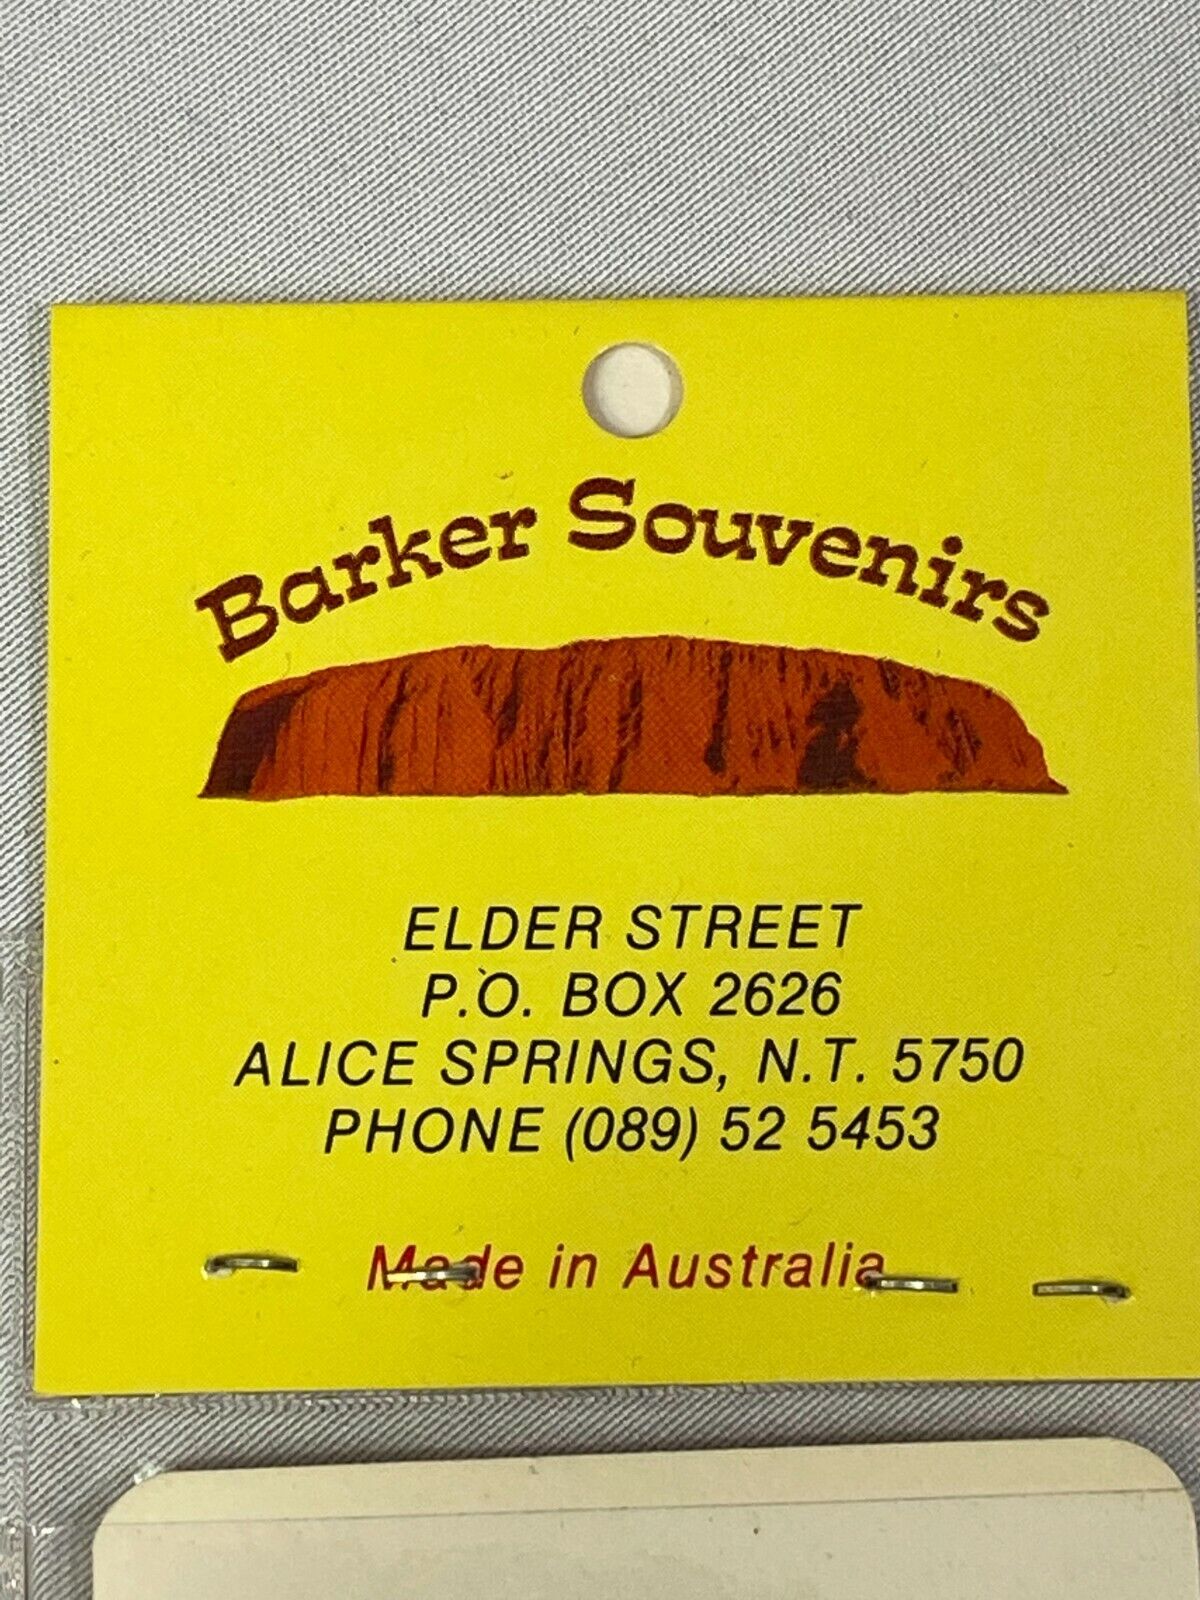 6 Barker Souvenirs Scenic Slide Pack
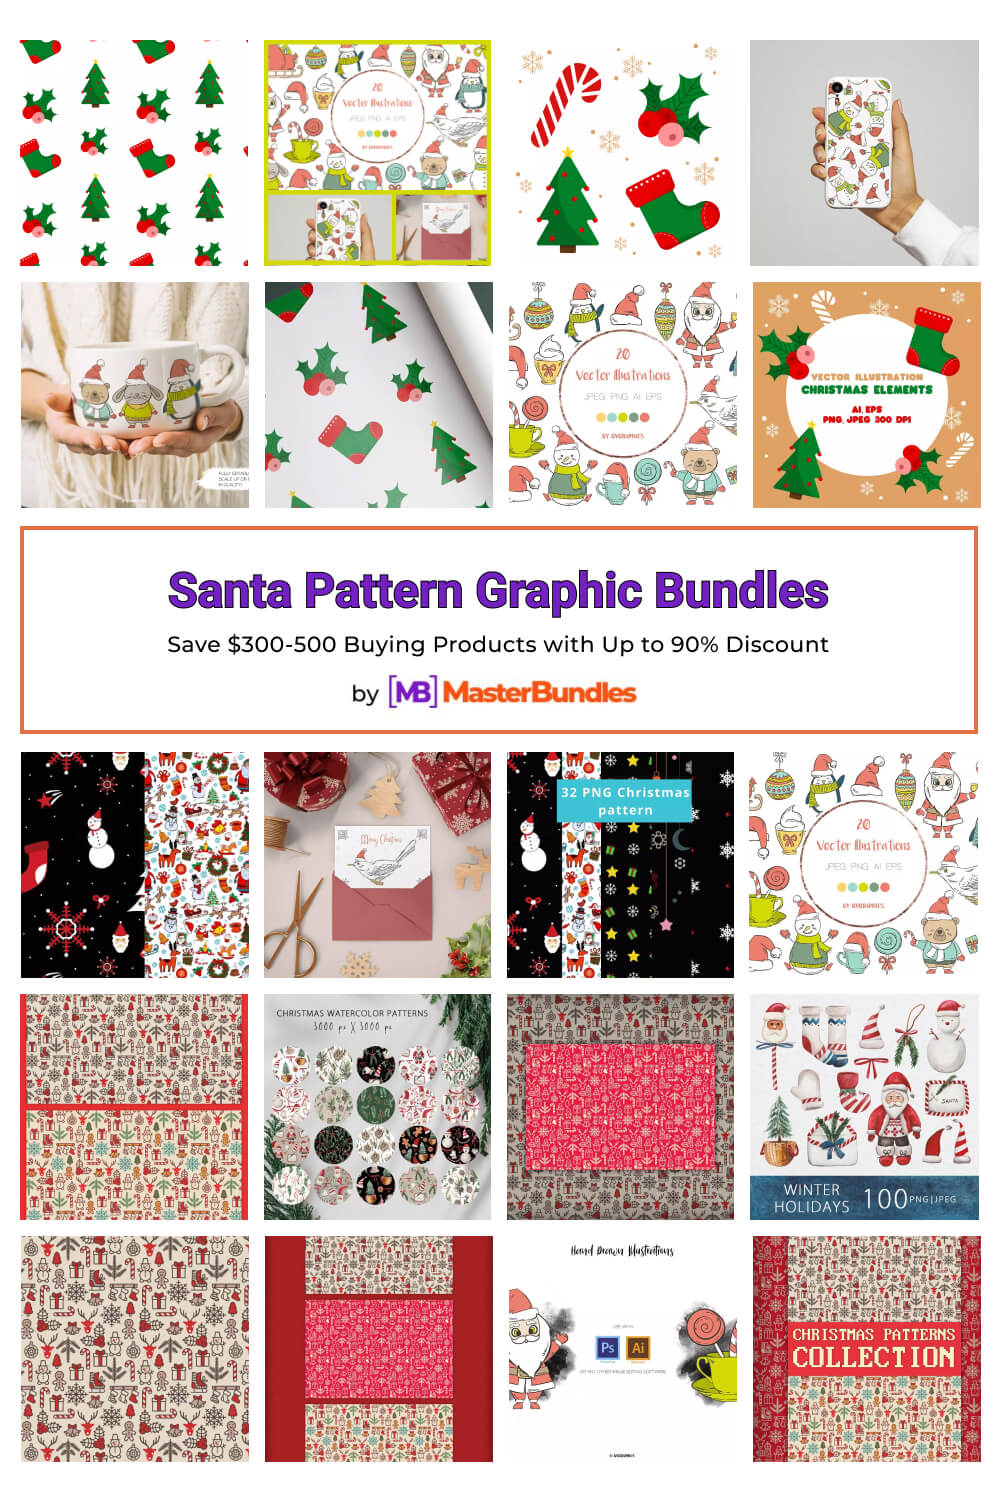 santa pattern graphic bundles pinterest image.
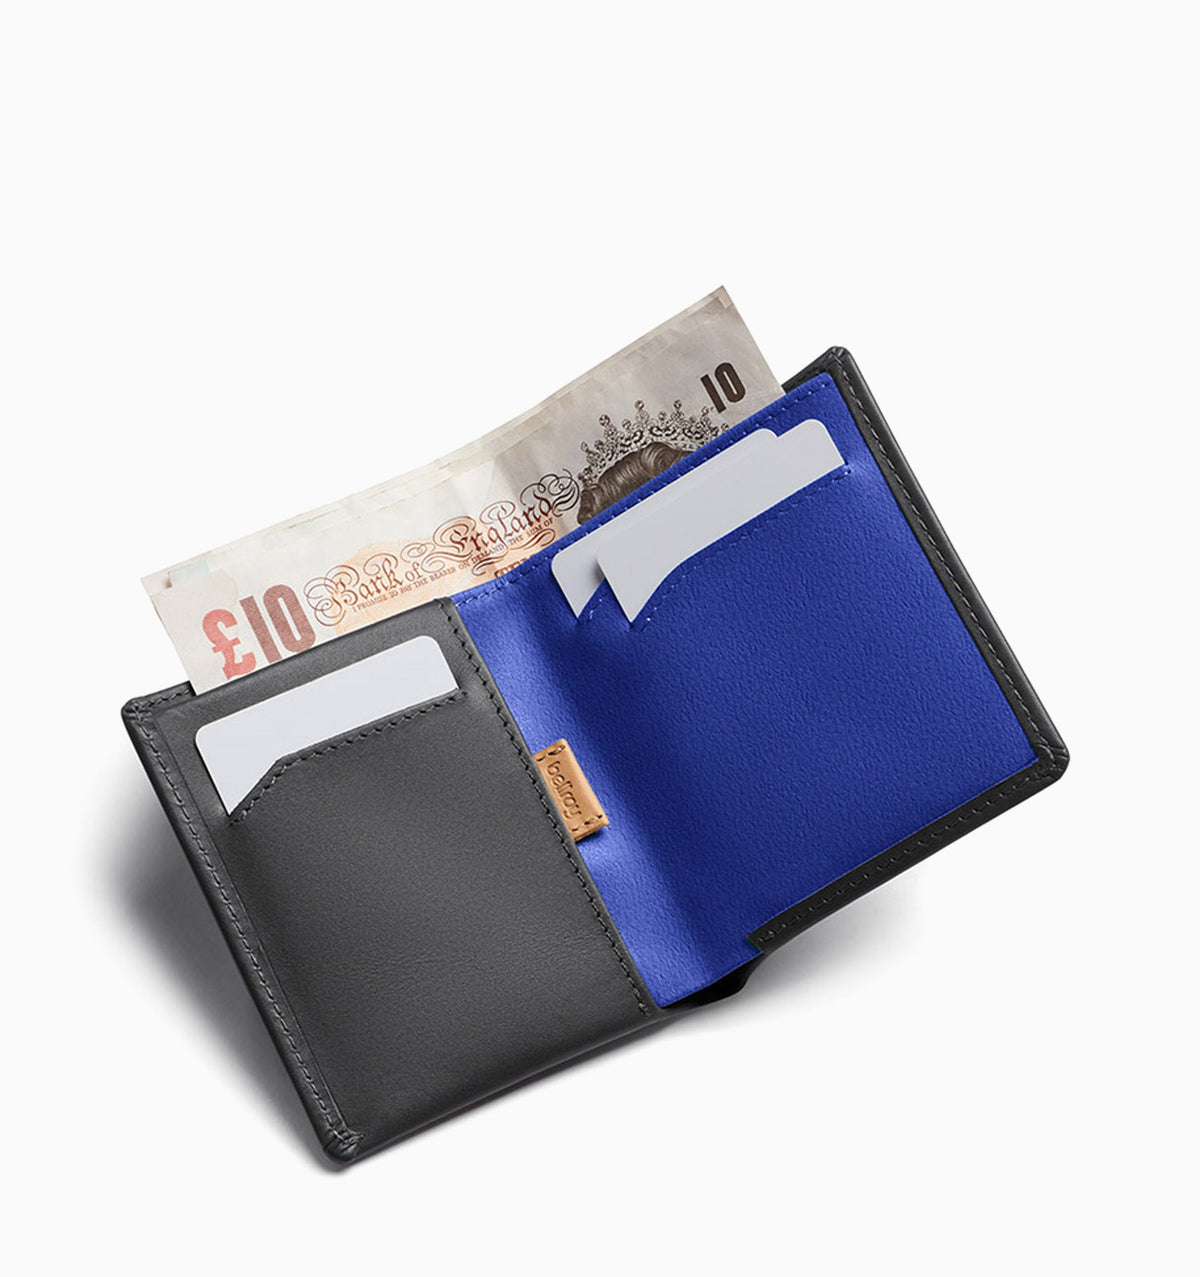 Bellroy Note Sleeve Wallet - Charcoal Cobalt

------------------------------------------------

Only the lines from the one containing "santa pattern graphic" through the last line of the material are to be restated word for word; no picture is to be included.

=== TASK ANSWER ===
 santa pattern graphic bundles pinterest image.
 Bellroy Note Sleeve Wallet - Charcoal Cobalt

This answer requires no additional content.